# How to fix uneven gap between door and weatherstripping?



## Objectivist

I've got an 8-foot exterior door that, when it's closed, has a half-inch gap between the door and weatherstripping at the top -- it fits properly at the bottom. I'm losing a lot of heat through this gap and would like to close it.

As far as I can tell, the door otherwise hangs correctly: the gap between the door and the jamb looks correct all the way around the door.

The house is two years old and most of the workmanship is stellar, so I'm wondering if I'm missing an easy adjustment.

I suppose I could add more weatherstripping to fill the gap, but that would look pretty bad. Or I could remove the weatherstripping and make a long, tapered shim to equalize the gap.

Does anyone have a suggestion?


----------



## Ron6519

Take a picture of this door. Have you put a level on this door and the floor? It sounds like one of the jamb legs is higher then it's counterpart on the other side.
This is not a minor adjustment as one side needs to be freed from the framing and shimmed or the other needs to be shortened.
Ron


----------



## Objectivist

Ron6519 said:


> Take a picture of this door. Have you put a level on this door and the floor? It sounds like one of the jamb legs is higher then it's counterpart on the other side.
> This is not a minor adjustment as one side needs to be freed from the framing and shimmed or the other needs to be shortened.
> Ron


Thanks, Ron, I'm traveling but will take a picture when I get home. I haven't checked for level, so I'll do that too.

But it's hard for me to imagine how this is a problem with the jamb being out of square, so maybe I didn't describe the problem properly.

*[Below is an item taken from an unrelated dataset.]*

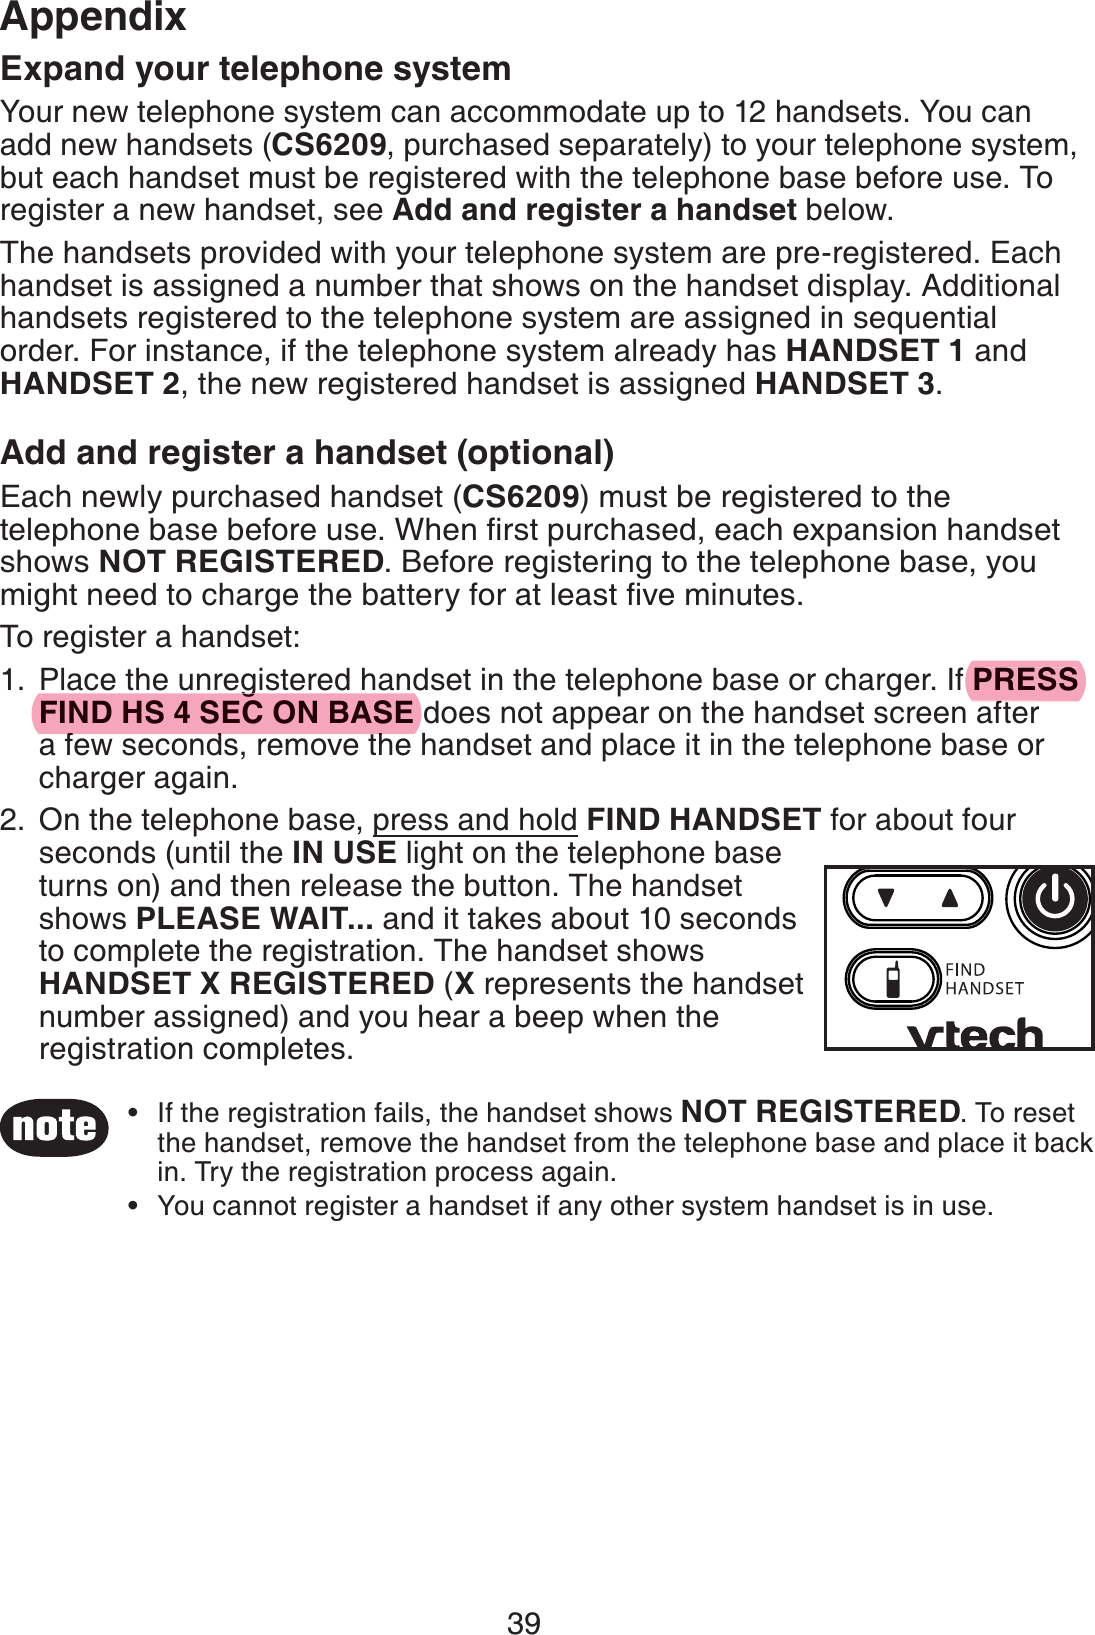 39AppendixExpand your telephone systemYour new telephone system can accommodate up to 12 handsets. You can add new handsets (CS6209, purchased separately) to your telephone system, but each handset must be registered with the telephone base before use. To register a new handset, see Add and register a handset below.The handsets provided with your telephone system are pre-registered. Each handset is assigned a number that shows on the handset display. Additional handsets registered to the telephone system are assigned in sequential order. For instance, if the telephone system already has HANDSET 1 and HANDSET 2, the new registered handset is assigned HANDSET 3.Add and register a handset (optional)Each newly purchased handset (CS6209) must be registered to the telephone base before use. When ﬁrst purchased, each expansion handset shows NOT REGISTERED. Before registering to the telephone base, you might need to charge the battery for at least ﬁve minutes.To register a handset:Place the unregistered handset in the telephone base or charger. If PRESS FIND HS 4 SEC ON BASE does not appear on the handset screen after a few seconds, remove the handset and place it in the telephone base or charger again.On the telephone base, press and hold FIND HANDSET for about four seconds (until the IN USE light on the telephone base turns on) and then release the button. The handset shows PLEASE WAIT... and it takes about 10 seconds to complete the registration. The handset shows HANDSET X REGISTERED (X represents the handset number assigned) and you hear a beep when the registration completes.1.2.If the registration fails, the handset shows NOT REGISTERED. To reset the handset, remove the handset from the telephone base and place it back in. Try the registration process again.You cannot register a handset if any other system handset is in use.••PRESSfgFIND HS 4 SEC ON BASEfd h

The gap is between the face of the door and the weatherstripping -- NOT between the edge of the door and the jamb. So it's more like the door is warped than the jamb being improperly installed. I haven't actually checked to see if the door is warped, but even if it is, I can't imagine spending the money to replace it so I'll need to accommodate it.

I imagine I could move the top hinges (there are 4 hinges) slightly outward (towards the weatherstripping) to fix the problem, but that would be a ton of work and I'm not confident it would fix the problem.

Thanks for your help!


----------



## oh'mike

Sounds like the door itself is warped--use a straight edge -corner to corner--to check that--

OR one leg (jamb side ) is not in line with the other---Check that with a level---

Post those pictures when you get home--Mike--


----------



## Ron6519

Objectivist said:


> Thanks, Ron, I'm traveling but will take a picture when I get home. I haven't checked for level, so I'll do that too.
> 
> But it's hard for me to imagine how this is a problem with the jamb being out of square, so maybe I didn't describe the problem properly.
> 
> The gap is between the face of the door and the weatherstripping -- NOT between the edge of the door and the jamb. So it's more like the door is warped than the jamb being improperly installed. I haven't actually checked to see if the door is warped, but even if it is, I can't imagine spending the money to replace it so I'll need to accommodate it.
> 
> I imagine I could move the top hinges (there are 4 hinges) slightly outward (towards the weatherstripping) to fix the problem, but that would be a ton of work and I'm not confident it would fix the problem.
> 
> Thanks for your help!


You really need to make some observations when you get home to give us an idea of the issue. You mention an 8 foot door, which is a very large door. I'm assuming you meant 8 feet high. This is 16" higher then the standard door and could warp if it was constructed with unstable materials or not finished correctly.
Ron


----------



## Objectivist

Ron6519 said:


> You really need to make some observations when you get home to give us an idea of the issue. You mention an 8 foot door, which is a very large door. I'm assuming you meant 8 feet high. This is 16" higher then the standard door and could warp if it was constructed with unstable materials or not finished correctly.
> Ron


Thanks for all your help, guys. Ron, you're right that the door is 8 feet high, which I know is quite tall, but I'm pretty sure it's not warped.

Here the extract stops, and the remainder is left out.